*** MATERIAL TO PROCESS
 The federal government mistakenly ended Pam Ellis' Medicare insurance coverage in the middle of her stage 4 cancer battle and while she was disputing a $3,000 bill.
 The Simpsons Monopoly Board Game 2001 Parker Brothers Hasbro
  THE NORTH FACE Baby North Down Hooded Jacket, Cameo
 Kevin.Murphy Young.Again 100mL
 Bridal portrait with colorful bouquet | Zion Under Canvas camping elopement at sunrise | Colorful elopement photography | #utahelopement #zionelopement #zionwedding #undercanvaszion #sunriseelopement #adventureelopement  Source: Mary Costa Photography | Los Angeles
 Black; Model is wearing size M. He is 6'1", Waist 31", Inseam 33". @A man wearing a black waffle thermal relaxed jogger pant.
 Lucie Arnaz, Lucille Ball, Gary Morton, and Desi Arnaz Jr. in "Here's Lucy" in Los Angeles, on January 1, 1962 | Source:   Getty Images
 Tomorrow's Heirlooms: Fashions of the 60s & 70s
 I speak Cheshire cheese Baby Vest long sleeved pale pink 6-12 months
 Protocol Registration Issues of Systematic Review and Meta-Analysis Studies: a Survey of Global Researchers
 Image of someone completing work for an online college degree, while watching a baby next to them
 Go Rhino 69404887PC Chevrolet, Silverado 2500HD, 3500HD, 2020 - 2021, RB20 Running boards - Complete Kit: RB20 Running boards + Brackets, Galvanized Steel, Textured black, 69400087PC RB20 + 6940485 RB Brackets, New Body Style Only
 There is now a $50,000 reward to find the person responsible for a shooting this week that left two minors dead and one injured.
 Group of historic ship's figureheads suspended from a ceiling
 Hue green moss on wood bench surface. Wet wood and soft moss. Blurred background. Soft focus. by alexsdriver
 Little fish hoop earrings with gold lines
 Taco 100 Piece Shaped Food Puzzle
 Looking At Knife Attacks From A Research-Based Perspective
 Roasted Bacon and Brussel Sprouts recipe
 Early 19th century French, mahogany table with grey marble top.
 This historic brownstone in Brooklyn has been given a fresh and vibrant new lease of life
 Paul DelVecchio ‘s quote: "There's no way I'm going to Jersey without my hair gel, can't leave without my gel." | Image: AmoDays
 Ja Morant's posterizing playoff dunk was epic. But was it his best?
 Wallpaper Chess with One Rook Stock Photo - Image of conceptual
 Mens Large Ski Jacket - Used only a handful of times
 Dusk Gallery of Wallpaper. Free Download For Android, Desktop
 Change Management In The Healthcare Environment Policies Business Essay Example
******
PROBLEM STATEMENT ->
Would you please reproduce the entries above word for word?

WRITTEN ANSWER ->
 The federal government mistakenly ended Pam Ellis' Medicare insurance coverage in the middle of her stage 4 cancer battle and while she was disputing a $3,000 bill.
 The Simpsons Monopoly Board Game 2001 Parker Brothers Hasbro
  THE NORTH FACE Baby North Down Hooded Jacket, Cameo
 Kevin.Murphy Young.Again 100mL
 Bridal portrait with colorful bouquet | Zion Under Canvas camping elopement at sunrise | Colorful elopement photography | #utahelopement #zionelopement #zionwedding #undercanvaszion #sunriseelopement #adventureelopement  Source: Mary Costa Photography | Los Angeles
 Black; Model is wearing size M. He is 6'1", Waist 31", Inseam 33". @A man wearing a black waffle thermal relaxed jogger pant.
 Lucie Arnaz, Lucille Ball, Gary Morton, and Desi Arnaz Jr. in "Here's Lucy" in Los Angeles, on January 1, 1962 | Source:   Getty Images
 Tomorrow's Heirlooms: Fashions of the 60s & 70s
 I speak Cheshire cheese Baby Vest long sleeved pale pink 6-12 months
 Protocol Registration Issues of Systematic Review and Meta-Analysis Studies: a Survey of Global Researchers
 Image of someone completing work for an online college degree, while watching a baby next to them
 Go Rhino 69404887PC Chevrolet, Silverado 2500HD, 3500HD, 2020 - 2021, RB20 Running boards - Complete Kit: RB20 Running boards + Brackets, Galvanized Steel, Textured black, 69400087PC RB20 + 6940485 RB Brackets, New Body Style Only
 There is now a $50,000 reward to find the person responsible for a shooting this week that left two minors dead and one injured.
 Group of historic ship's figureheads suspended from a ceiling
 Hue green moss on wood bench surface. Wet wood and soft moss. Blurred background. Soft focus. by alexsdriver
 Little fish hoop earrings with gold lines
 Taco 100 Piece Shaped Food Puzzle
 Looking At Knife Attacks From A Research-Based Perspective
 Roasted Bacon and Brussel Sprouts recipe
 Early 19th century French, mahogany table with grey marble top.
 This historic brownstone in Brooklyn has been given a fresh and vibrant new lease of life
 Paul DelVecchio ‘s quote: "There's no way I'm going to Jersey without my hair gel, can't leave without my gel." | Image: AmoDays
 Ja Morant's posterizing playoff dunk was epic. But was it his best?
 Wallpaper Chess with One Rook Stock Photo - Image of conceptual
 Mens Large Ski Jacket - Used only a handful of times
 Dusk Gallery of Wallpaper. Free Download For Android, Desktop
 Change Management In The Healthcare Environment Policies Business Essay Example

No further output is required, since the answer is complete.